Links to resources mentioned in Tech Talks Episode 17:
2018 HPCC Systems Community Day
HPCC Systems Machine Learning Library
HPCC Systems Internship Program
Episode Guest Speakers and Subjects:
Farah Al Shanik, Clemson University – Equivalence Terms for Text Search Bundle
Farah Alshanik is a Ph.D. student of computer science at Clemson University. She received her B.S from Jordan University of Science and Technology. She is working with Dr. Amy Apon as a Research Assistance in Data Intensive Computing Ecosystems (DICE) Lab. Her interest is focused on applying high performance computing to machine learning problems.
Soukaina Filali, Georgia State University – Fraud Detection on Transactional Data using a Time Series Mining Approach
Soukaina Filali Boubrahimi is a 3rd year PhD student in the department of computer science at Georgia State University and research assistant member of the data mining lab at GSU under the supervision of Dr. Rafal Angryk. In this talk, Soukaina will discuss the fraud detection project using time series data mining approach she worked on during her internship. Her research interest is on time series data mining (classification, clustering…). She has publications on the topic in IEEE Big Data, IEEE DSAA, DEXA and the applied APJs journal. Soukaina received a Master in Science in Software Engineering and a Bachelor in Computer science from Al Akhawayn University (AUI) in Ifrane, Morocco.
Lily Xu, Clemson University & Gus Reyna, LexisNexis – Using HPCC Systems ML to Map Thousands of Public Records Data Descriptions to Standard Codes
Lily Xu is a PhD candidate from DICE lab directed by Dr. Apon in the school of computing of Clemson University. It’s her third time interning with the HPCC Systems team working on machine learning applications. Her research area is machine learning, natural language processing, and high-performance computing. She can speak only three languages, but she can program more than three languages.

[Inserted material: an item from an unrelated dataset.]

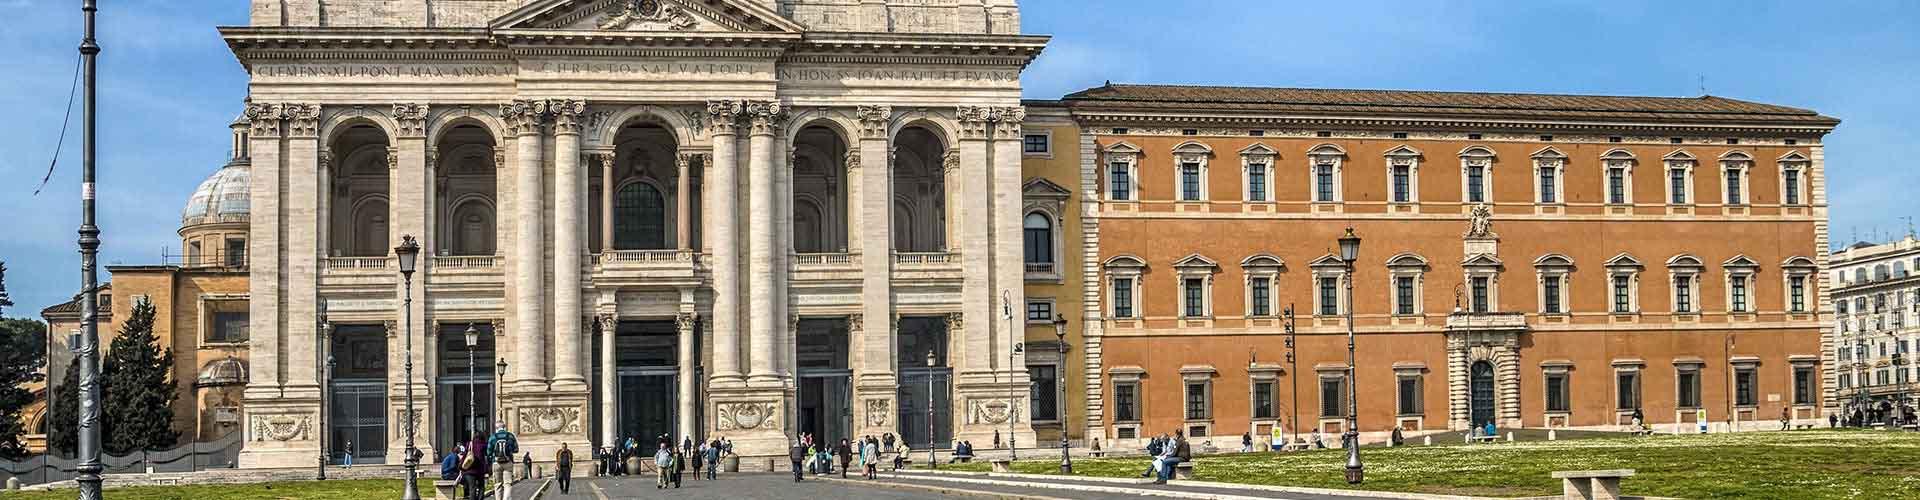 Rooma – Hostellit kaupungiosassa San Giovanni. Rooma -karttoja, valokuvia ja arvosteluja kaikista Rooma -hostelleista.

Gus Reyna is a Director with LexisNexis Risk Solutions where he leads the engineering team for the Motor Vehicle Report (MVR) data products. He has been working at LexisNexis for 9 years building data solutions on the HPCC Systems platform.
Key Discussion Topics:
1:07 – Jessica Lorti provides community updates:
Reminder: 2018 HPCC Systems Community Day, Atlanta
- Registration open to our external Community through September 21
- Workshop & Poster Competition on October 8
- Main event sessions on October 9
- Thank you to our sponsors!
- Visit hpccsystems.com/hpccsummit2018
Community Day Pre-Event Workshops
Morning Workshop: Data Extraction and Transformation with ECL
- Understand the HPCC Systems platform and learn ECL to build powerful data queries.
- This three-hour workshop will take the student through the data extraction and transformation cycle using HPCC Systems and ECL.
- Anyone who needs a basic familiarity and or wants to learn best practices with ECL should attend.
Afternoon Workshop: Real World Data Problems and Easy ECL Solutions
- Participants can build on their knowledge of the HPCC Systems Platform and ECL to solve real world data problems.
- This three-hour workshop will use a real-world case study to illustrate how to manage disparate data with ease and efficiency. Attendees will learn how to profile, transform, aggregate, and analyze New York City taxi data to extract some important conclusions.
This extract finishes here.